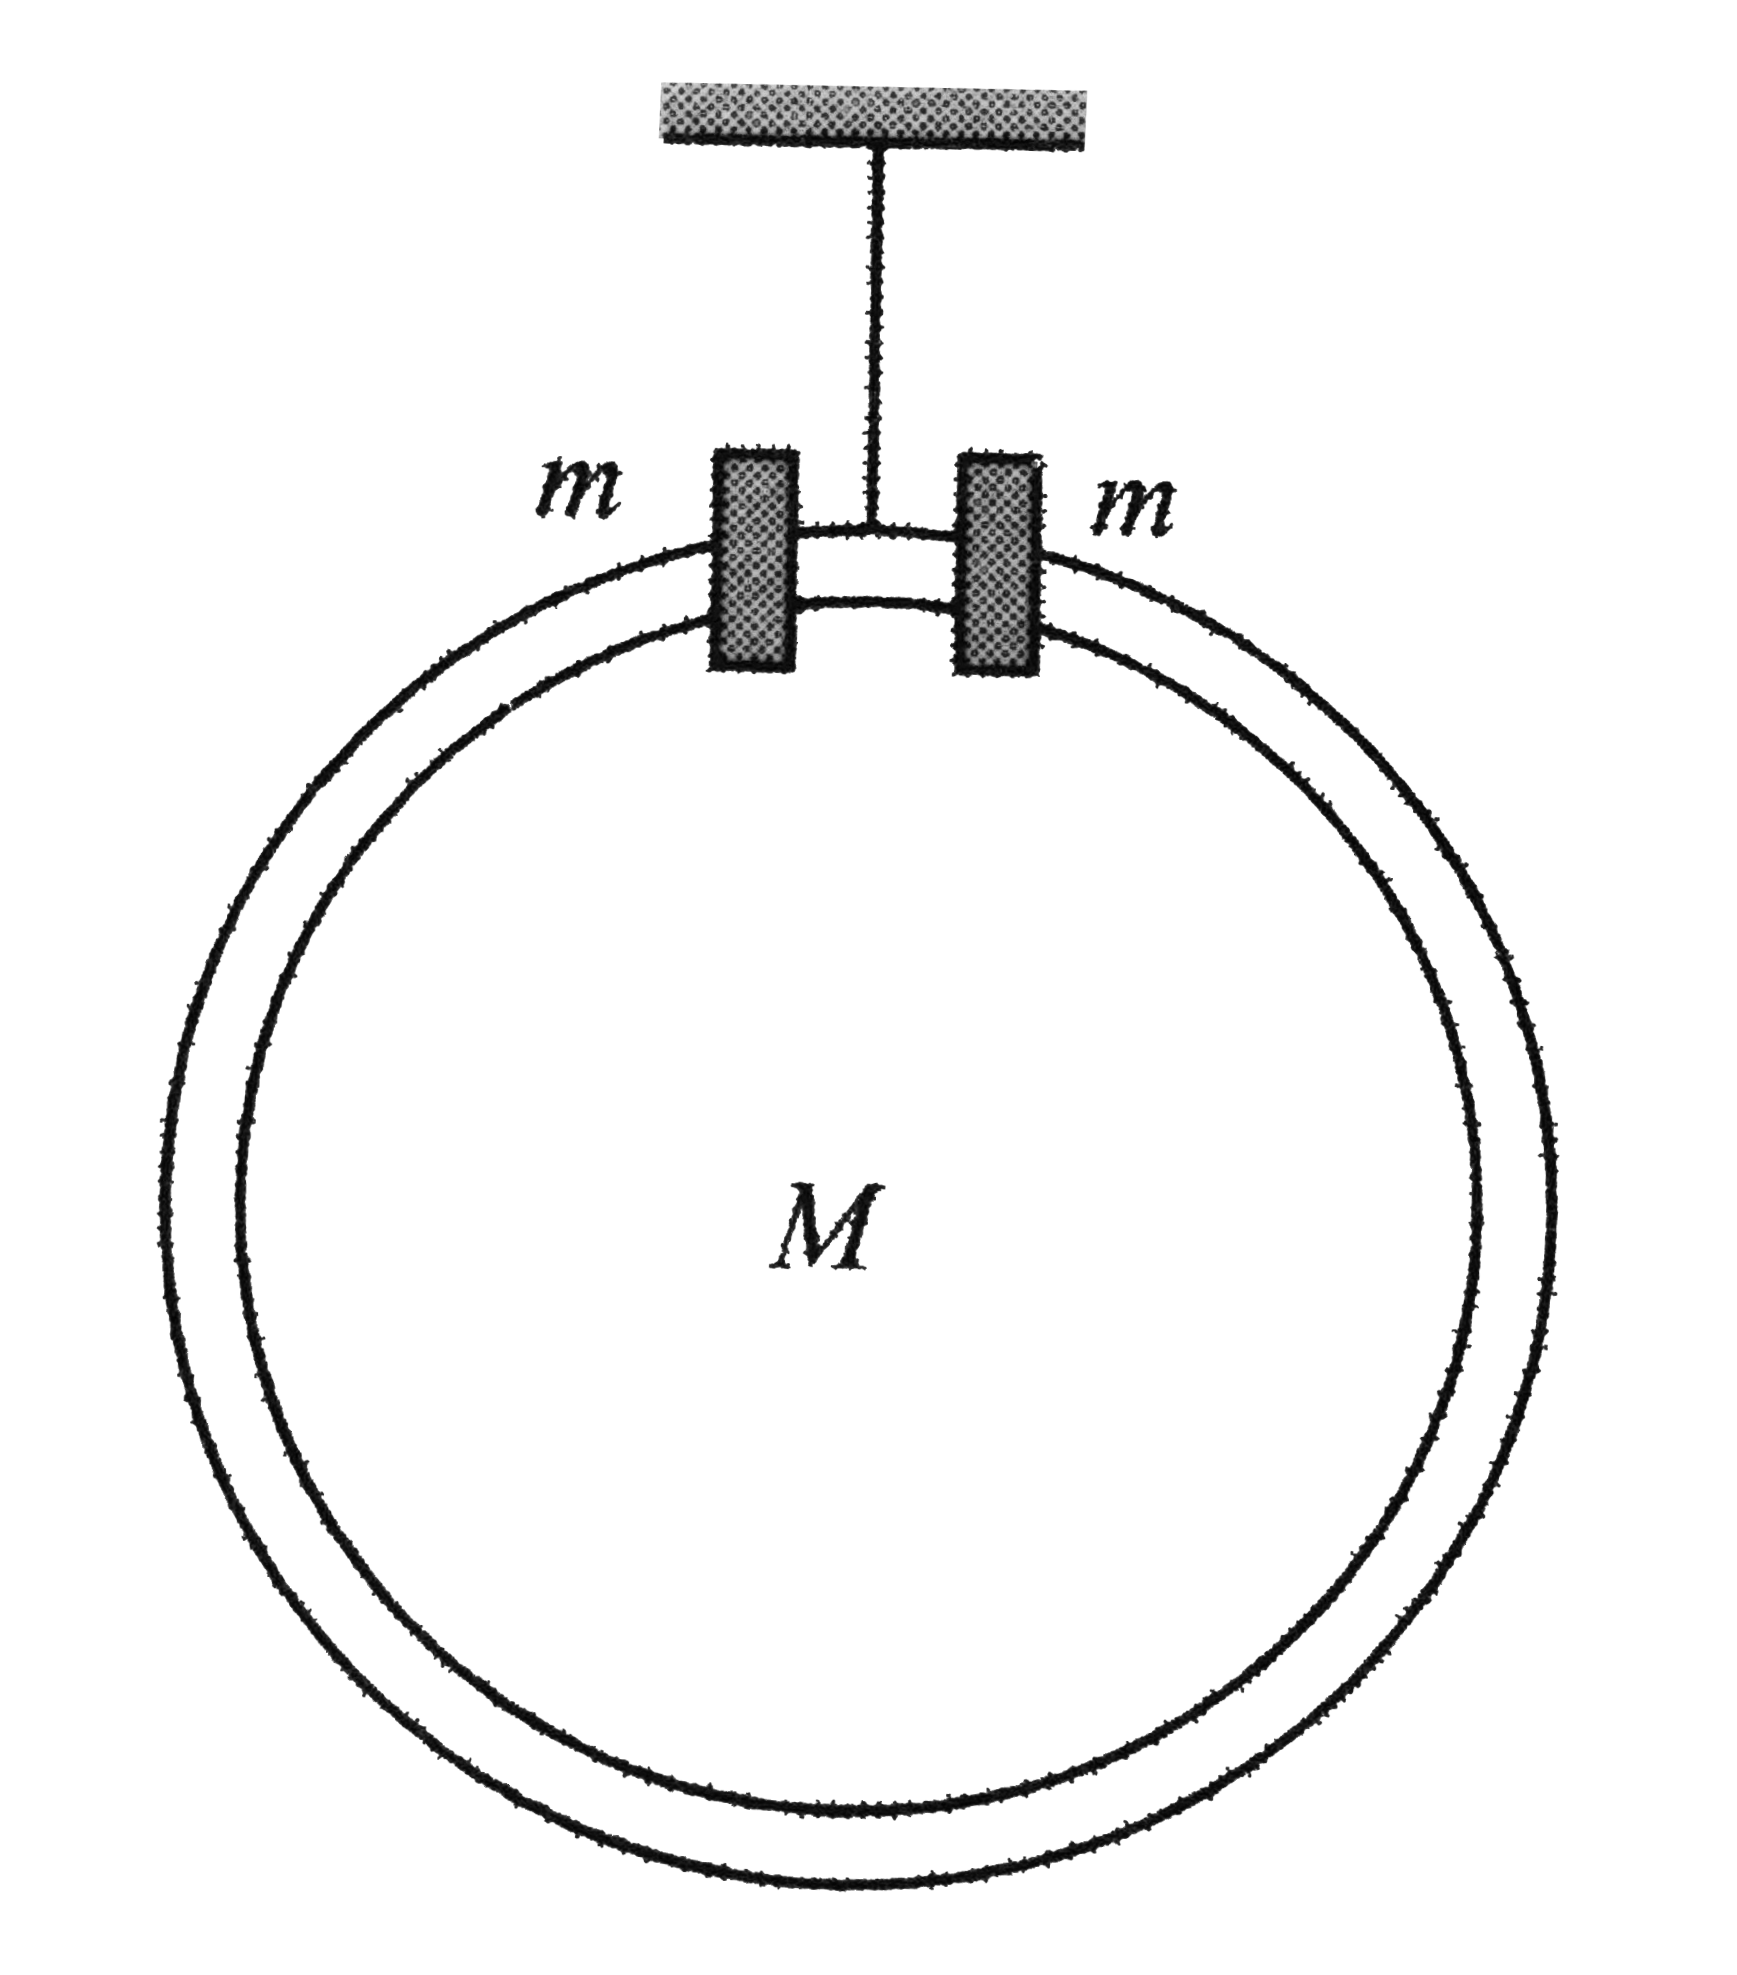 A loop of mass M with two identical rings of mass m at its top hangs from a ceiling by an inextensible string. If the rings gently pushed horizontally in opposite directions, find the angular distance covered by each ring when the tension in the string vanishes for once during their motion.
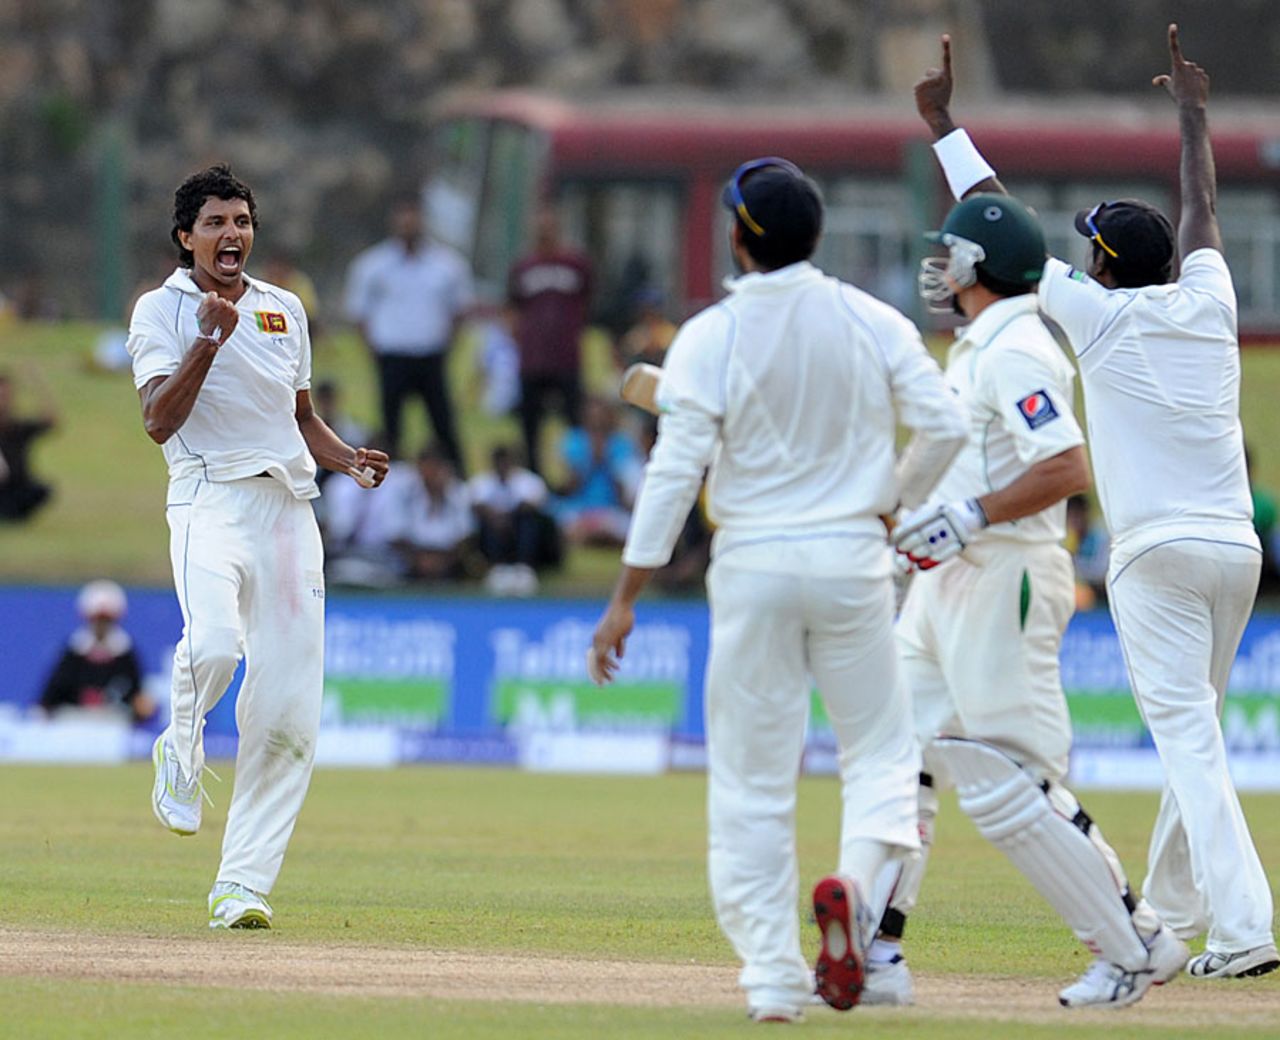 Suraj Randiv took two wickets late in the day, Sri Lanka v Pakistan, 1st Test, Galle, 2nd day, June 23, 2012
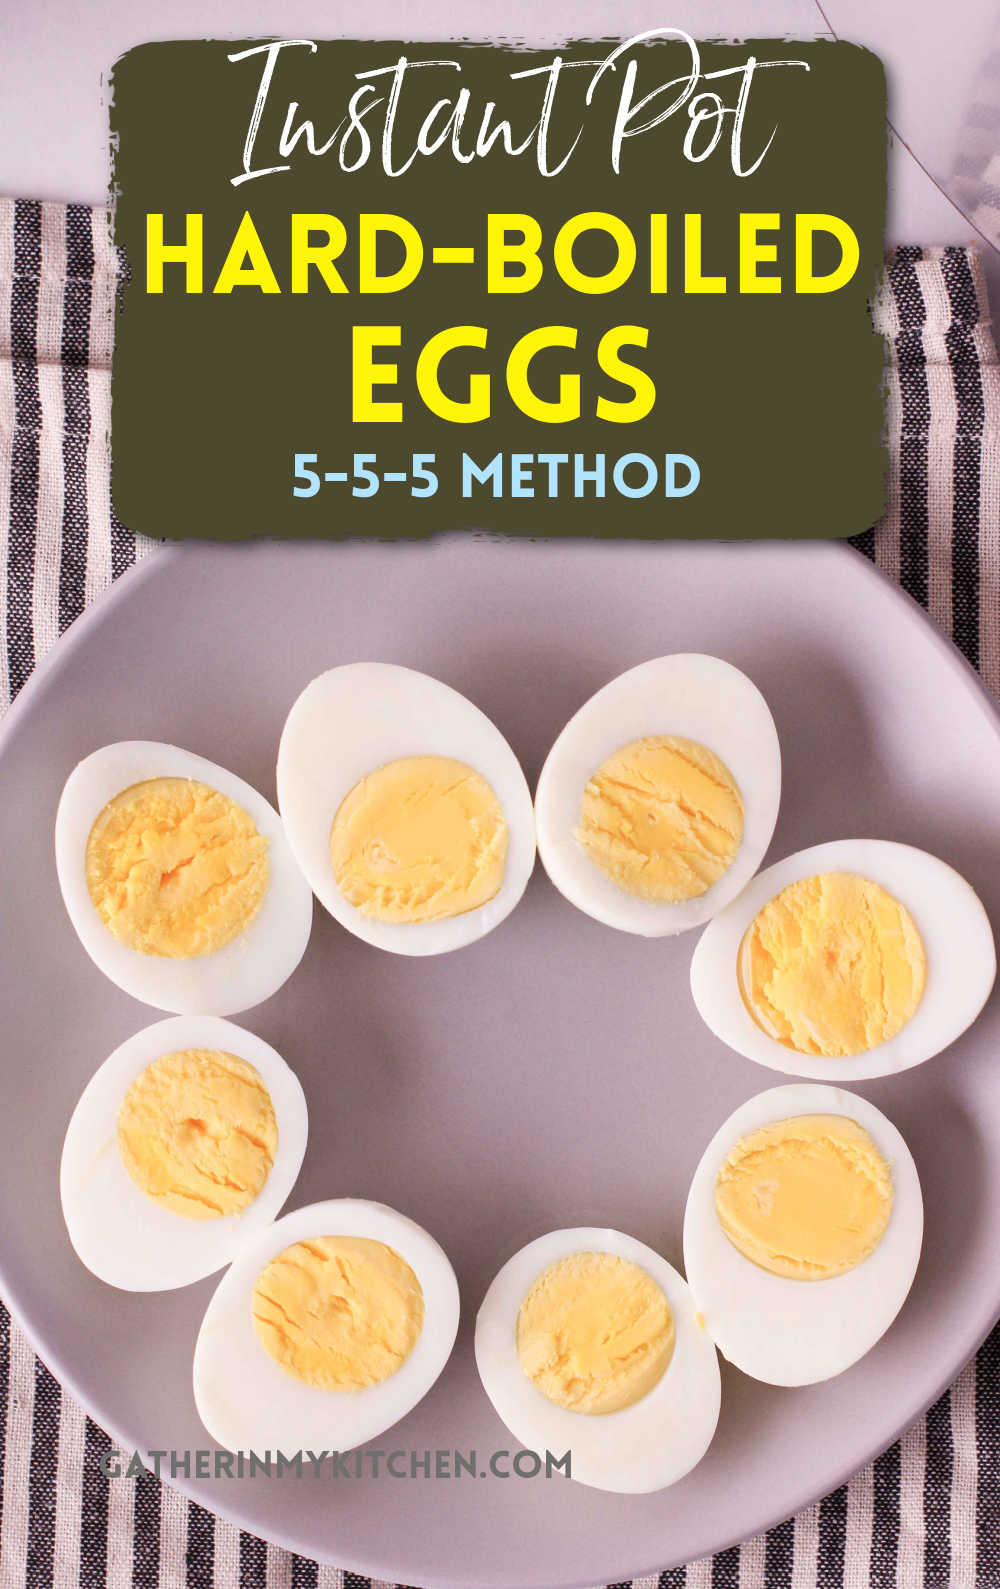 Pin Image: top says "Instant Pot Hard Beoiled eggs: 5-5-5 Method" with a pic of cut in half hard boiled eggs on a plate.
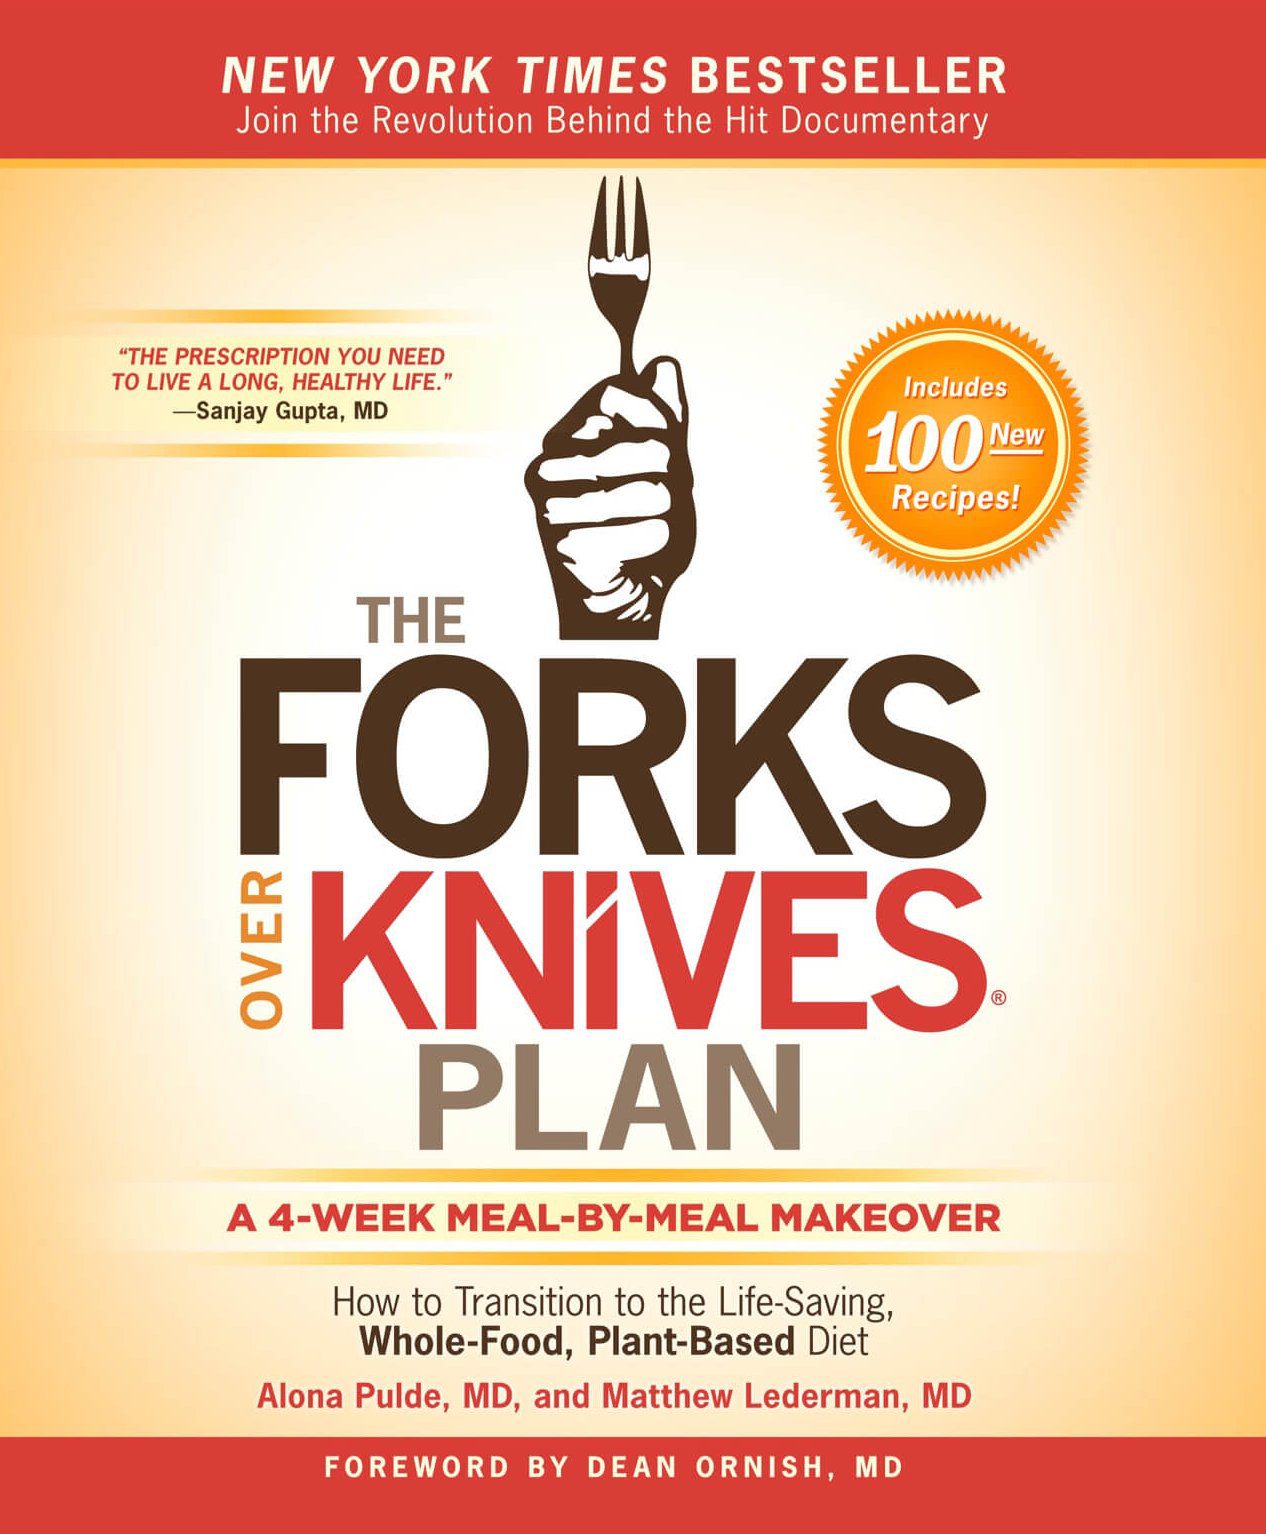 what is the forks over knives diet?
########
The lines from the one containing "Suraj Randiv took" through the final line of the data are to be repeated exactly, with both ends included and all pictures left out.

 Suraj Randiv took two wickets late in the day, Sri Lanka v Pakistan, 1st Test, Galle, 2nd day, June 23, 2012
 Pin Image: top says "Instant Pot Hard Beoiled eggs: 5-5-5 Method" with a pic of cut in half hard boiled eggs on a plate.
 what is the forks over knives diet?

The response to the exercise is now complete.